From: Mathias Gaunard <mathias.gaunard@ens-lyon.org>
On 01/05/2011 20:44, Artyom wrote:
But the bigger question is what exactly do you want to do with BOM and how it would help you to make the "cross-platform" software?
The goal is to allow all compilers to recognize that the source is encoded in UTF-8. This is what you need to write cross-platform source that contains non-ASCII characters.
It is not enough. You can't do it in cross platform way properly as you can't currently get UTF-8 or UTF-16 or UTF-32 string literal properly for cross platform code till all compilers will support C++0x u/U/u8 literals and at this point NONE of the existing popular compilers support them (checked MSVC, GCC, Intel, SunCC)
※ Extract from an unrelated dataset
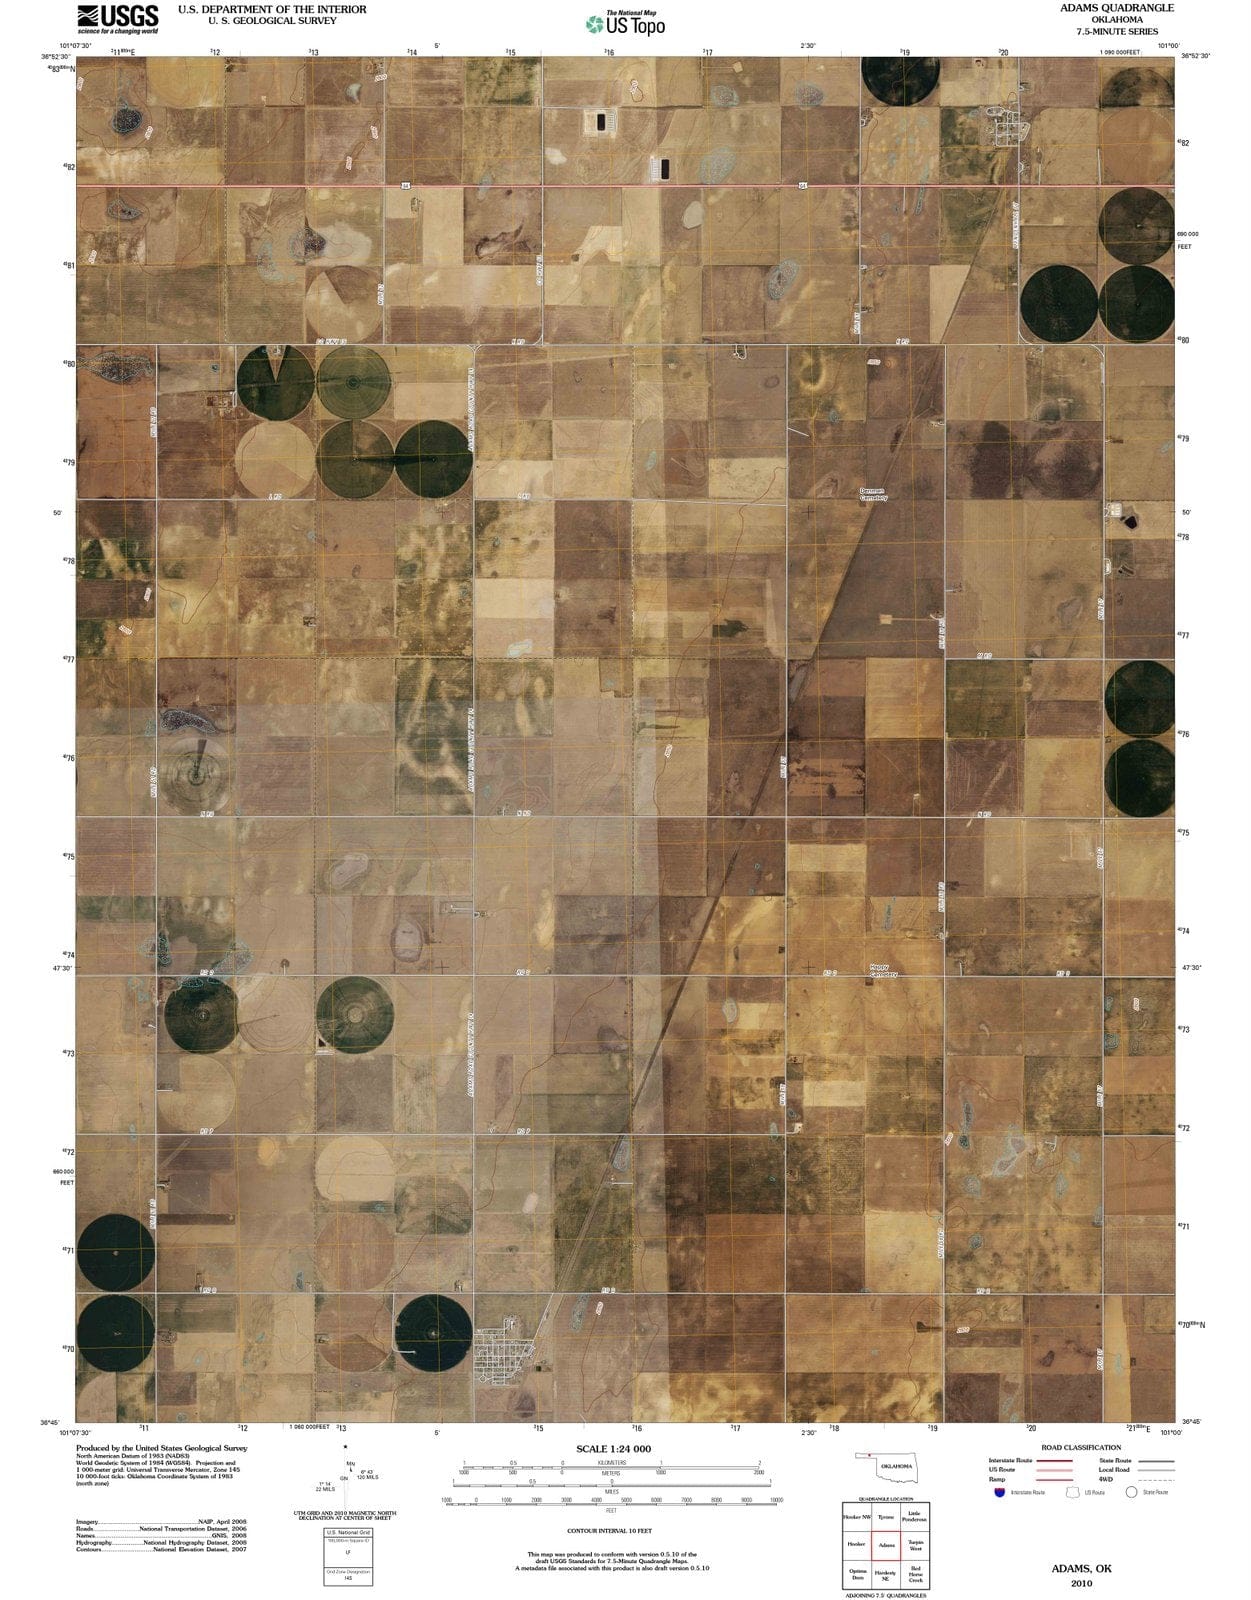 2010 Adams, OK - Oklahoma - USGS Topographic Map
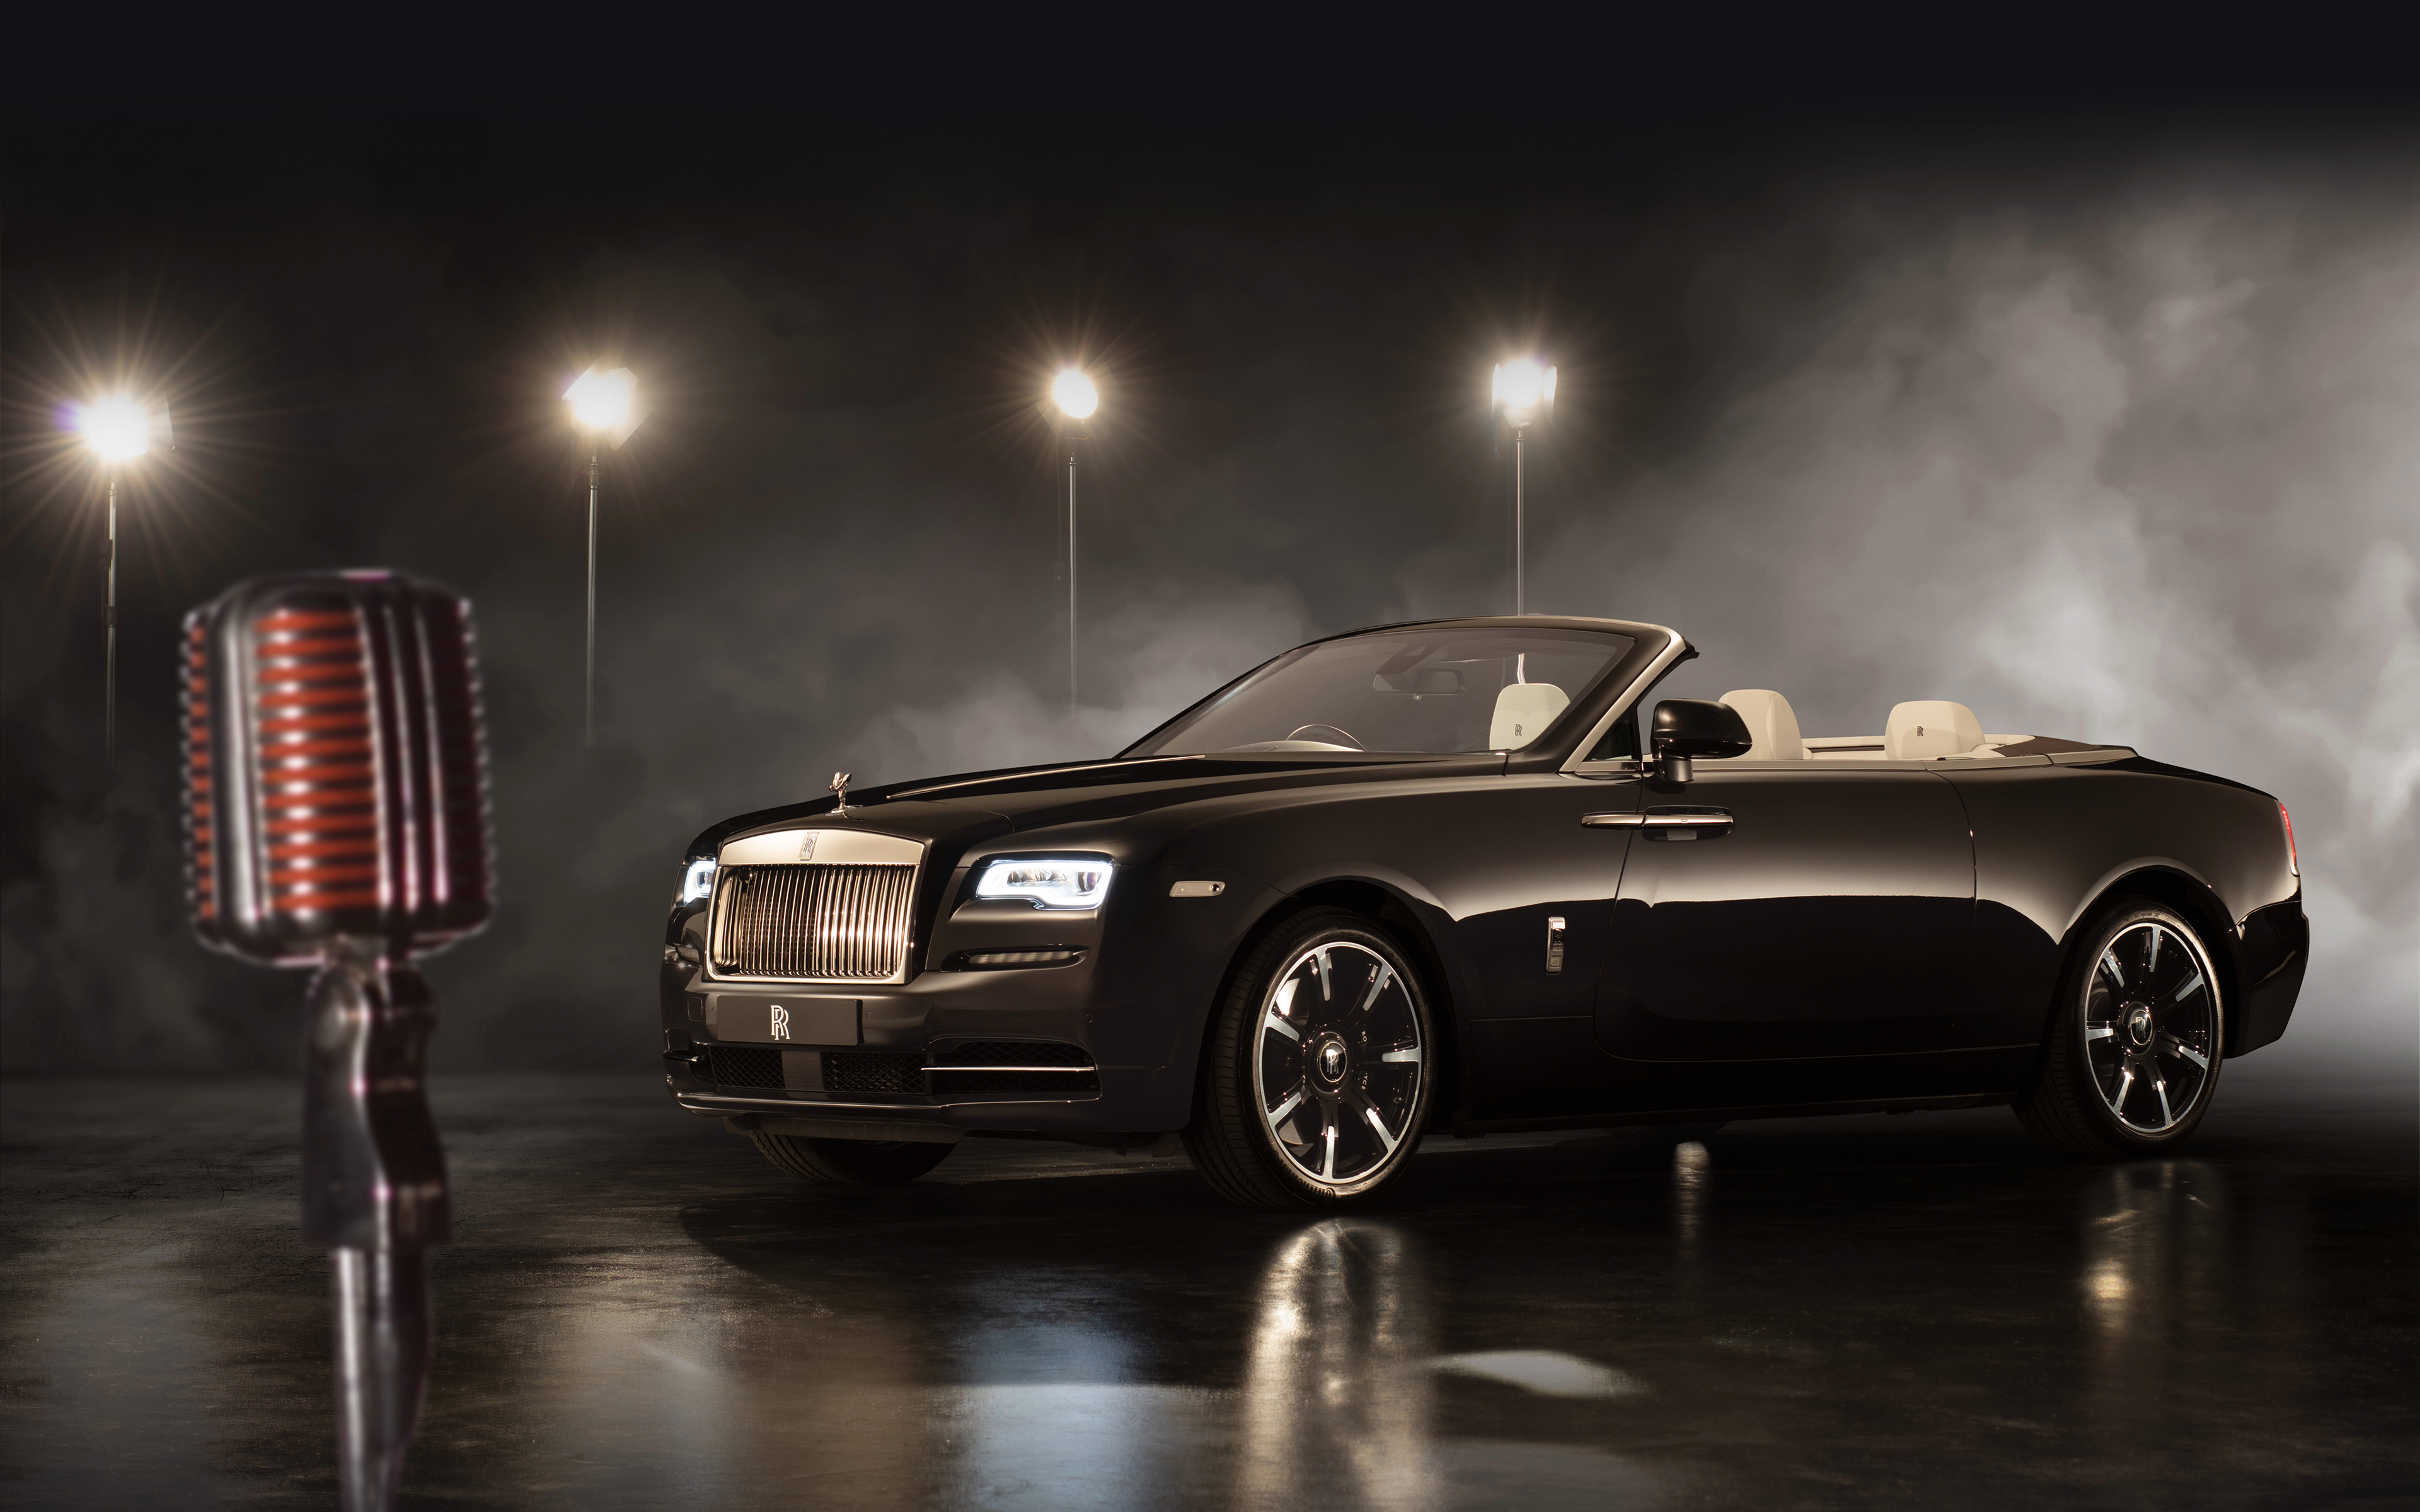 HD desktop wallpaper: Rolls Royce, Car, Vehicles, Black Car, Rolls Royce  Dawn download free picture #434172

the only real Unicode strings with MSVC would be L"" and they are actually would be encoded with UTF-16 encoding while all non-Windows world uses UTF-32 as wide character encodings.
How is that a problem at all?
And using narrow string literals with UTF-8 content masquerading as ANSI is a hack, sorry. That's not the C++-endorsed solution.
First of all ANSI codepage exists only on Windows and has nothing to do with cross platform software. C++ standard does not know what is "ANSI" encodings.
So basically I can say that untill Microsoft Visual Studio team would take UTF-8 seriously and either support 65001 codepage as expected or provide GCC's like options for input and exec encodings I don't see how this BOM would be useful.
I don't really care about what the execution character set is. I definitely do not want to change it, it should be the user locale.
No, you never want to be it in user's locale because it makes compilation locale dependent! Because source.cpp / With UTF-8 BOM -------------------------------- std::string test="שלום-سلام-Мир" In Israel it would be "שלום-???-????" in CP1255 In Egypt it would be "????-سلام-???" in CP1256 In Russia it would be "????-????-Мир" in CP1251 In France it would be "????-???-???" in CP1252 So no, you always want to have execution character set to be well defined unless all your sources are written using US-ASCII which is a subset of all character sets. Artyom Beilis.